A landmark was reached in 1977, when Public Law 94-142 was passed in the USA, ensuring the rights of American children with specific learning difficulties to appropriate evaluation and management of their problem. In 1981, the United Kingdom passed an Education Act that stated that children with learning difficulties of all kinds were entitled to appropriate evaluation and help according to their special needs.

Specific learning difficulties now receive much more attention than at any other time in the past.

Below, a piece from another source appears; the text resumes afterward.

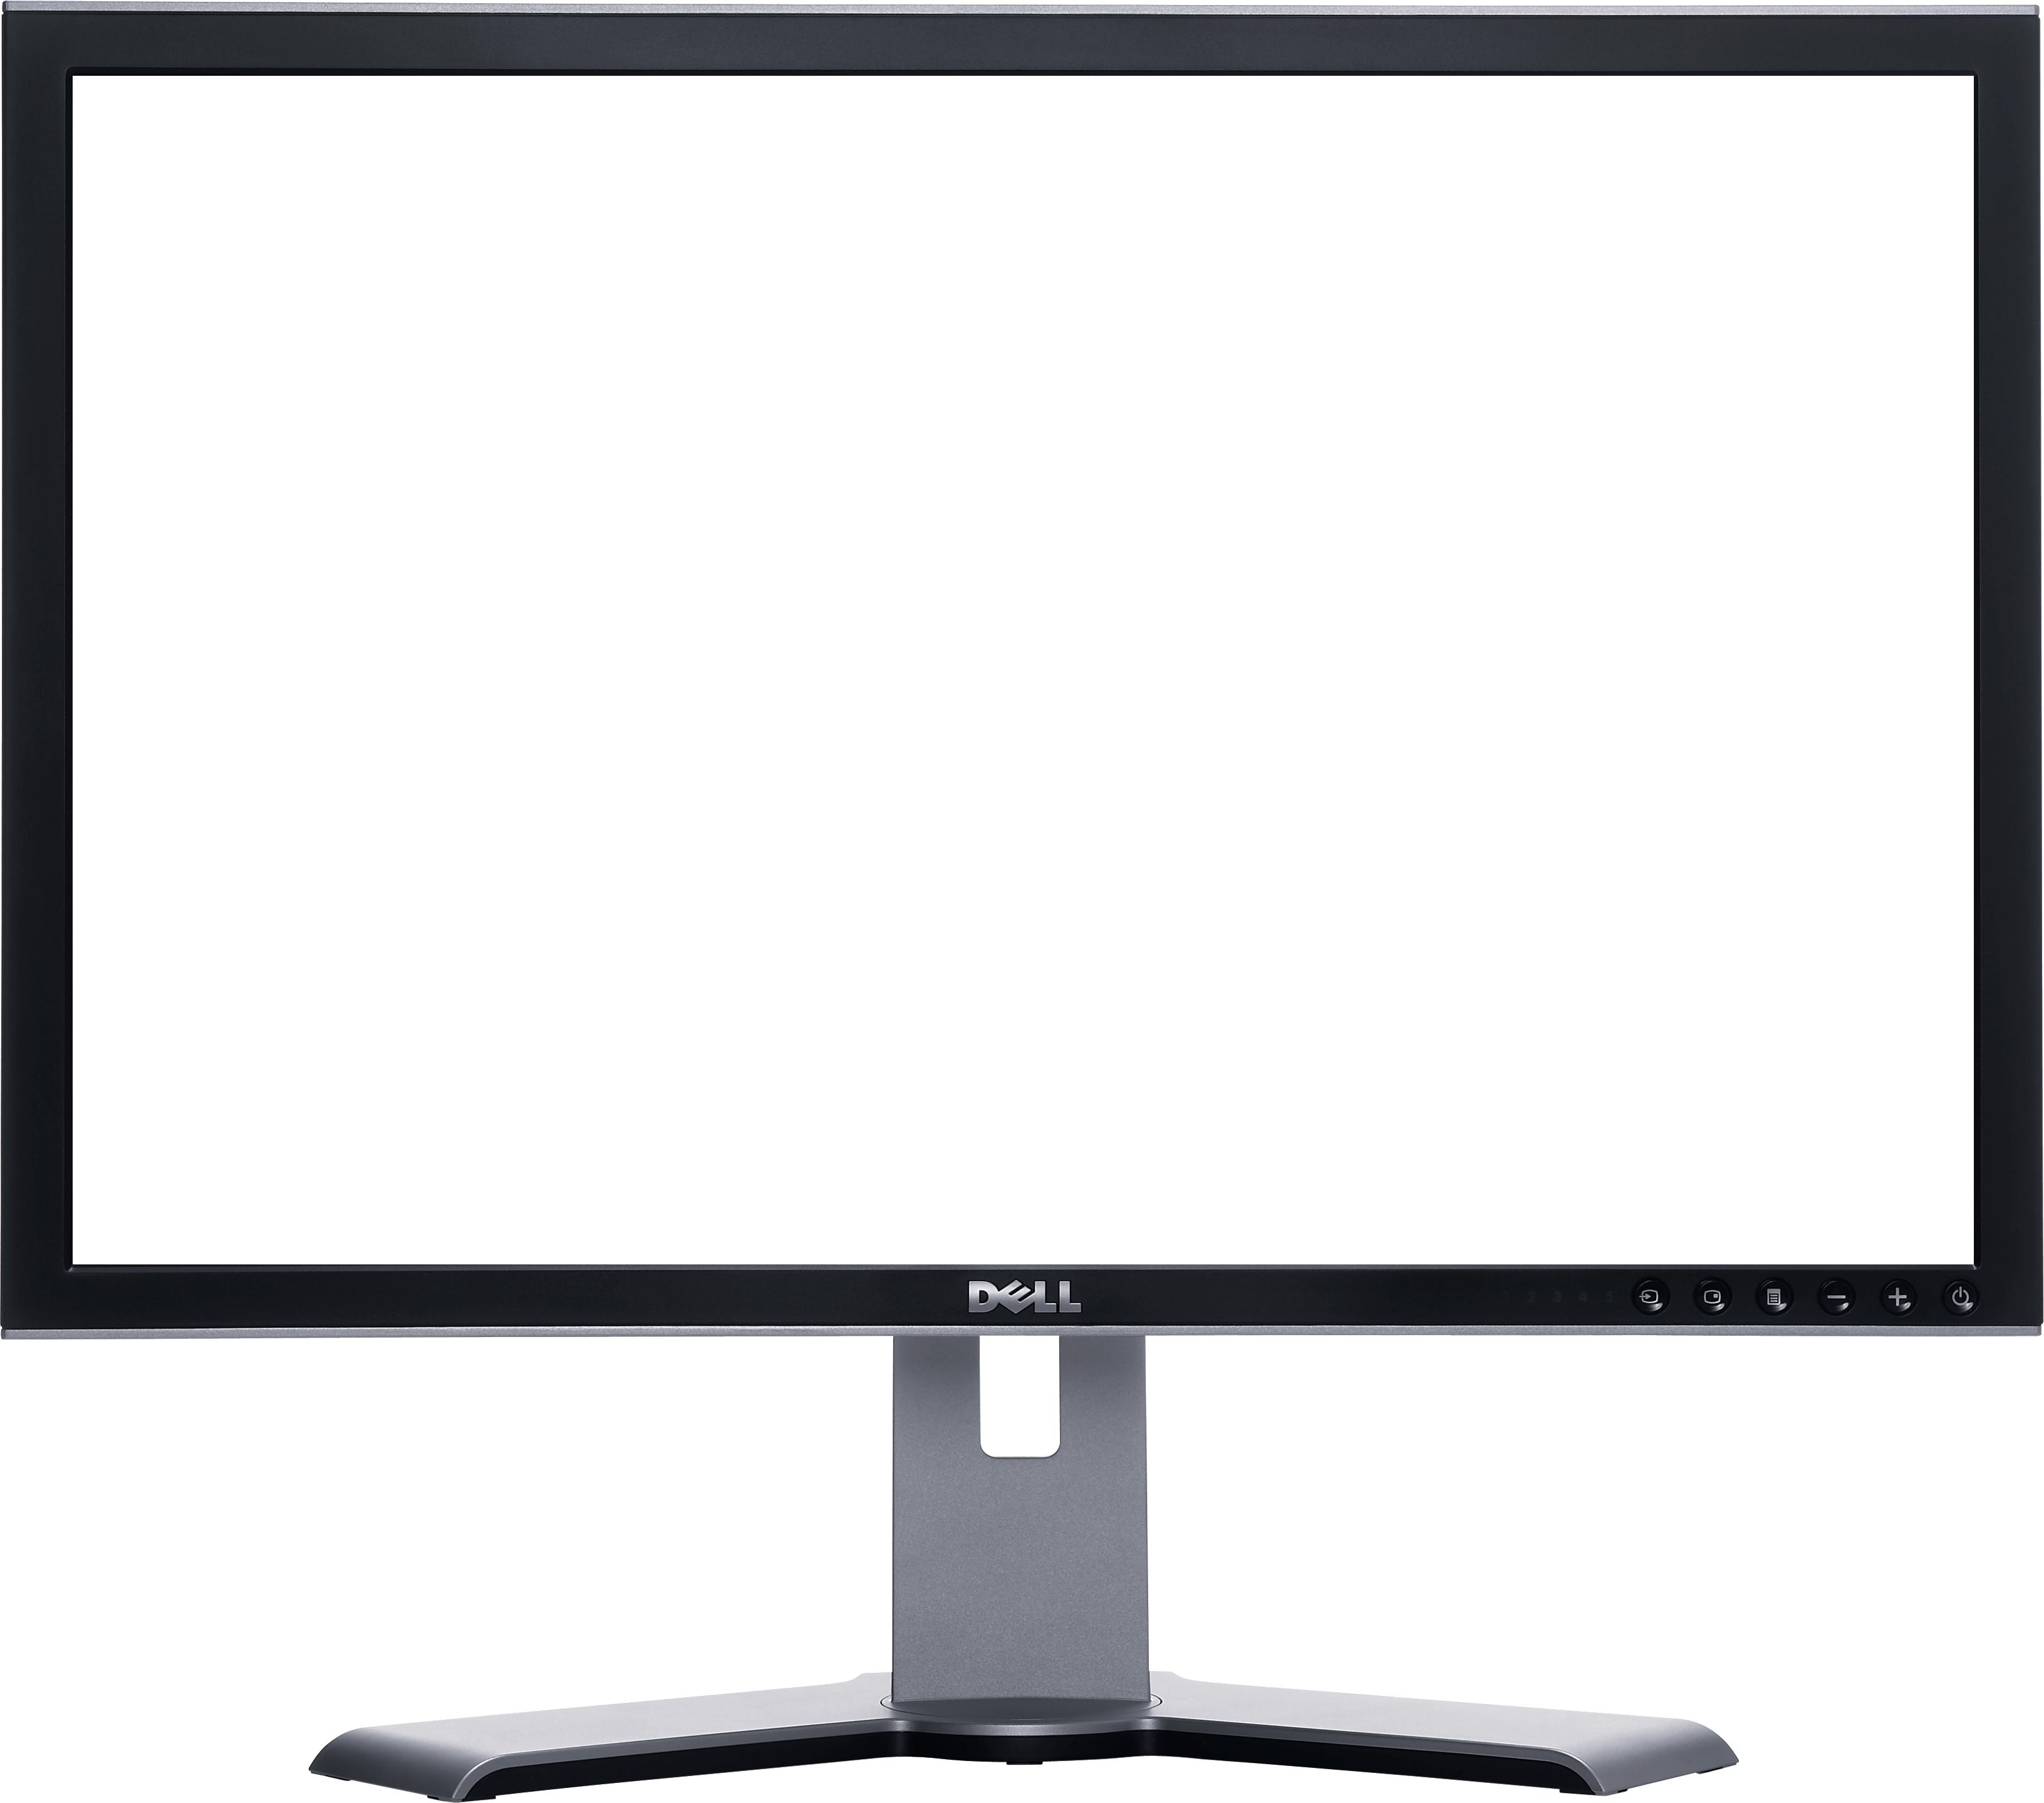 Monitor PNG - 1526

There are a number of reasons for this:

  • ? At no other time in history has the ability to gain academic skills and qualifications been such an important factor in a highly competitive employment market.
  • ? All children in developed countries now attend school, and parents take an interest in their progress.
  • ? The need for proficiency in academic skills has extended beyond urban areas, as work in rural areas has also become more technical and competitive.
  • ? With the reduction in the number of serious illnesses that affect children (such as polio and tuberculosis, TB), more attention can now be directed towards the non-life-threatening problems such as specific learning difficulties.
  • ? There has been a realization that some of the emotional problems of adolescence and adulthood relate to school difficulties and that if not properly managed during childhood, such difficulties may play an important part in impairing self-esteem and the ability to cope in later life.
  • ? With the realization that many developmental and behavioural problems have underlying biological causes, the search for such causes in conditions such as specific learning difficulties has intensified. Children with these difficulties are thus less likely to be dismissed as lazy, as was the case in the past.